With the digitisation of industry, we can point to a number of technologies that continue to dominate the conversation, but Derry points to one that may not immediately spring to mind; Twitter. Visibility in the supply chain is greater than it has ever been before as businesses look to have visibility into their first tiers of their supply base. But as some don’t have visibility beyond that initial tier, what can the likes of Twitter enable for businesses? “Say a fire happens and a worker tweets that they are off home because of the fire. That tweet will be picked up by all kinds of risk management solutions that are in operation for supply chain teams all over the world,” says Derry. “The supply chain teams then have instant knowledge that that's a supplier of theirs and can immediately enact their contingency plan or business continuity plan. In this day and age, the companies that prevail are the ones that act fast on intelligence and have plans in place in the event of those contingencies.”

“There's a number of firms today who are providing risk management solutions in the supply chain, who take advantage of that capability to make real-time information available to their customers. And that's significant stride forward.”

Technology will continue to redefine the supply chain function and the role of the supply chain professional which in turn will continue to redefine SRM. Automation and robotics will become more commonplace within this space, with SRM and the data capture surrounding it being identified as a key area where this will happen. Derry admits as much, but he also understands that for an effective relationship there will always be the need for human interaction. “You may have technology with red flashing indicator lights that says the supplier is a financial risk, or they're changing the lead times that we need to investigate, or they're having quality issues.
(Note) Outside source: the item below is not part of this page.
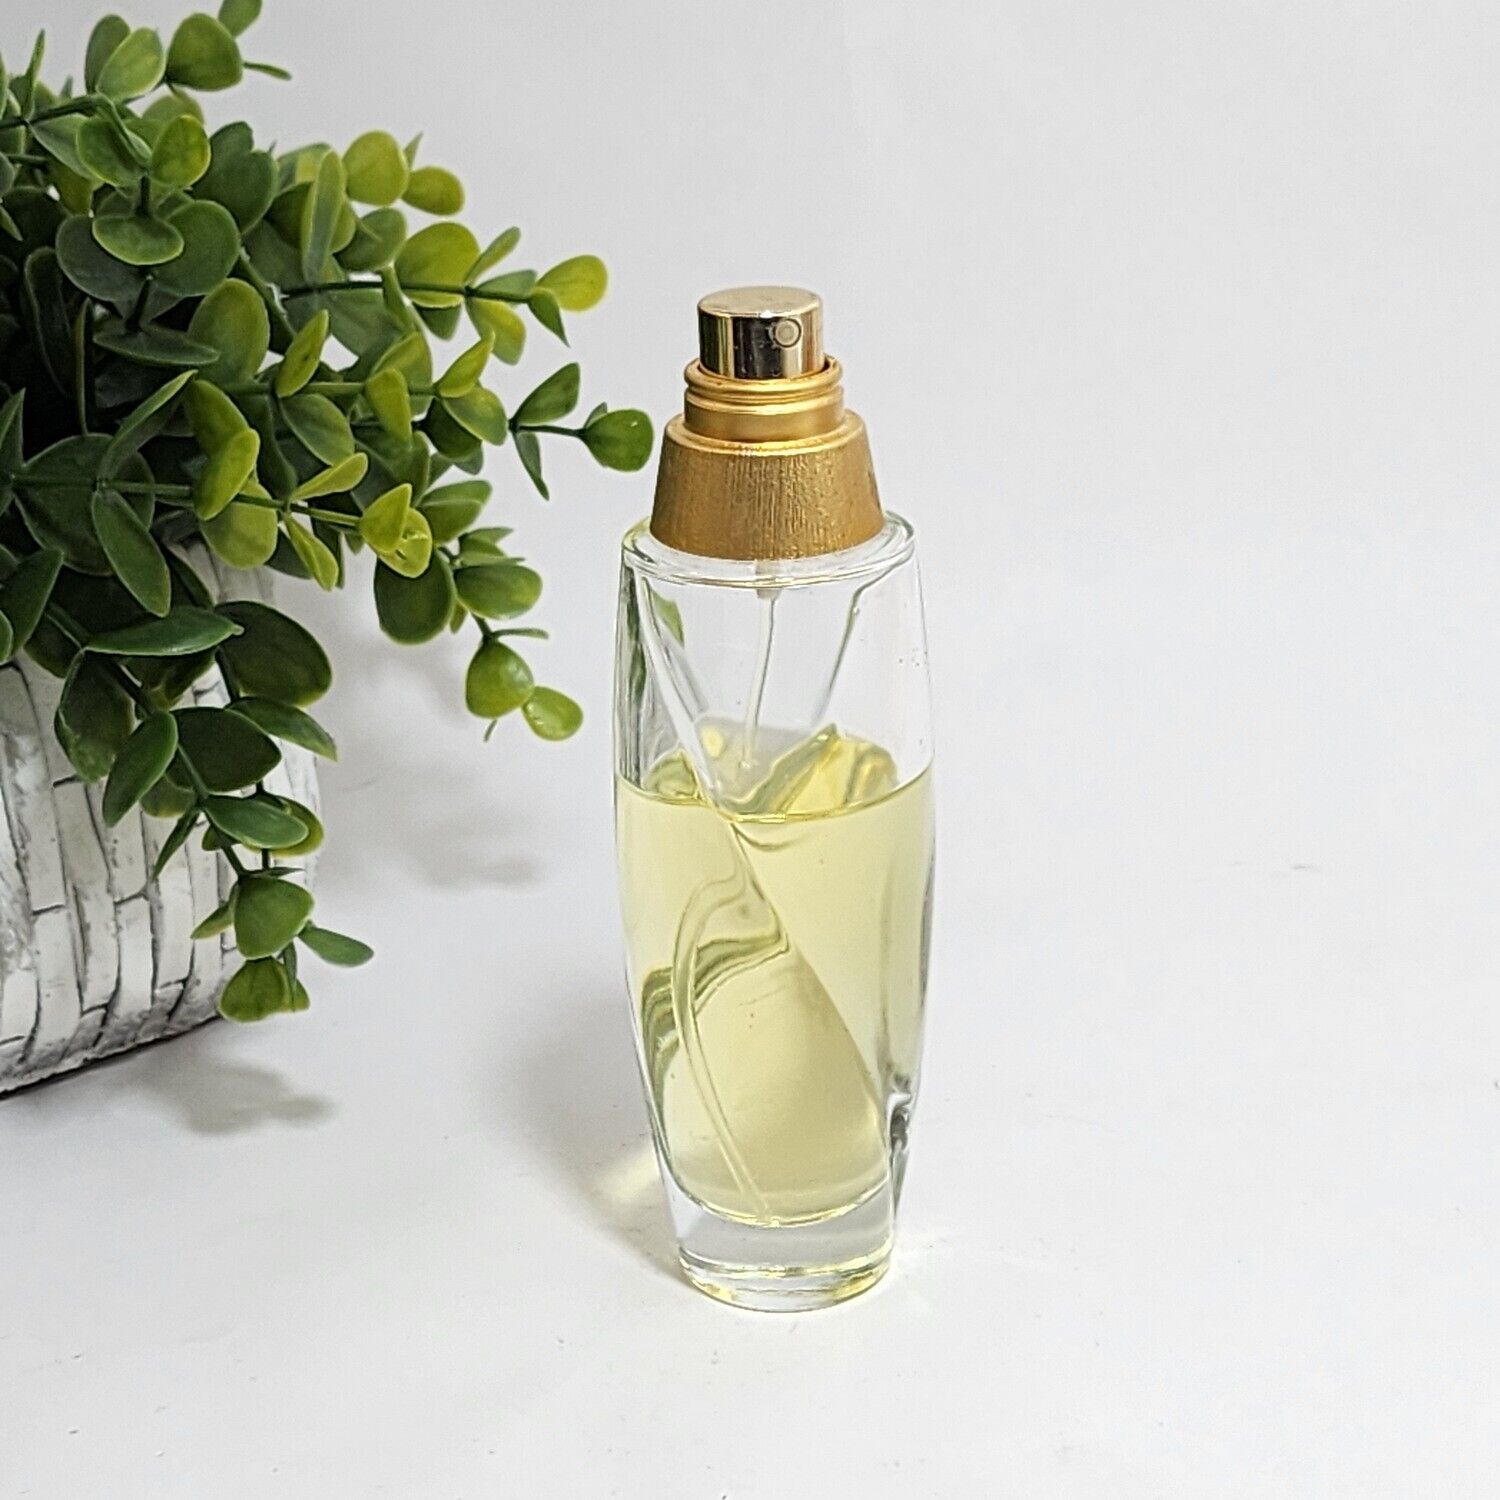 Escada Acte 2 Eau de Parfum Spray Perfume for Women1.7 fl oz /50 ml ~ 60% full

That's just information,” he says.

“Now what's required is somebody going over to that supplier and sitting down and saying, "This is the data we have. Can you help me understand it? Can you explain it? What's your mitigation plan?" And that takes a strategic, face-to-face conversation to understand what is my actual risk. Now technology can tell me I might have a problem, but I need to have a face-to-face conversation and that’s never really going to change.”